Luxury brands might be leaving even more money on the table than was previously expected by failing to cater to consumers over the age of 55. According to 2019 research from the International Longevity Centre (“ILC”), the fashion and beauty industries’ well-established unwillingness to target older consumers, particularly women, was projected to cost them nearly $15 billion over the next 2 decades. While the fashion industry, in particular, is busy chasing millennial and Gen-Z consumers, the London-based think tank found that “older people increased their spending on clothes and shoes by 21 percent – or $3.80 billion – between 2011 and 2018.” In the United Kingdom, alone, ILC found that individuals over age 50 accounted for nearly 50 percent of spending as of 2018, up from 41 percent in 2003.
The dollar figures at stake are potentially even greater as a result of an already-underway post-pandemic boom in spending. Not only is the total spending power of individuals that are 65 and older increasing on a global basis; it is expected to rise to $14 trillion within the next decade, up from roughly $8.4 trillion in 2020, Bloomberg states that the world’s emergence from the COVID-19 pandemic is likely to “unleash a wave of spending by older consumers,” with money managers pointing to “huge pent-up demand from wealthy seniors” for things like medical services and travel, as well as luxury goods.

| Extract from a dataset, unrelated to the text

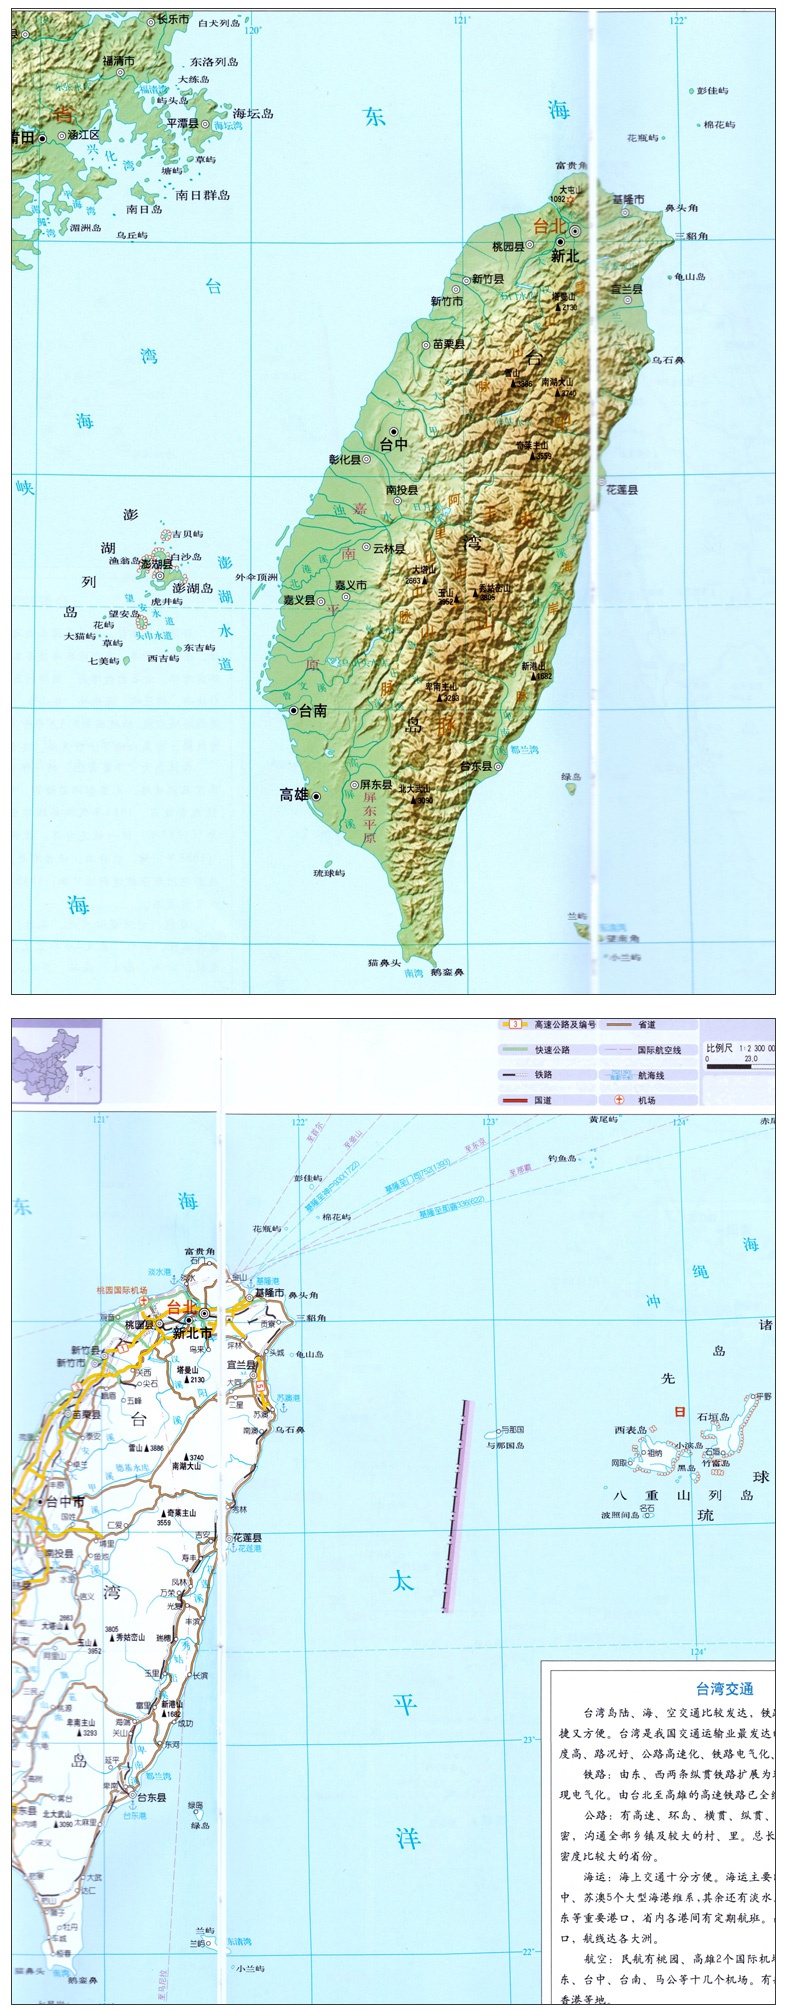 新版 台湾省地图集 中国分省系列地图集 台北 高雄 政区 地形 交通

In addition to an impending spike in medical procedures that were previously put on hold as a result of the pandemic and corresponding lockdown measures, and a sure-fire boom in the travel sector, including among senior-age individuals, J. Stern & Co. managing director Christopher Rossbach told Bloomberg that “a rebound in luxury spending” should not be overlooked, with Louis Vuitton and Dior’s parent LVMH and liquor makers, such as Pernod Ricard SA and Casamigos and Ketel One-owner Diageo Plc among some of his “preferred reopening bets.” These bets are compounded by the fact that across the board, “as people age their purchasing power increases and they become more concerned with quality, not quantity, of their consumption,” which bodes well for luxury entities, particularly ones that “can tap seniors and their new-found confidence online.”
This should, nonetheless, be a wakeup call for fashion and luxury goods purveyors, many of which have traditionally engaged in rampant “institutional ageism,” according to ILC, pulling out all of the stops for younger consumers in order to cash in on eager luxury newbies, particularly those in the Asia Pacific region, but more importantly, to plant the seed for when these youngsters have more sizable sums of money to spend. One need not look further than runway shows, ad campaigns, and Instagram feeds to see exactly where – or more specifically, in what age groups – brands are placing their bets.
The problem with such hyper-focused targeting of young spenders is that while brands are positioning themselves for a lucrative future, they are missing out on a powerful consumer class that is right in front of them with money – oftentimes, a lot of money – to spend: those aged 55 and above.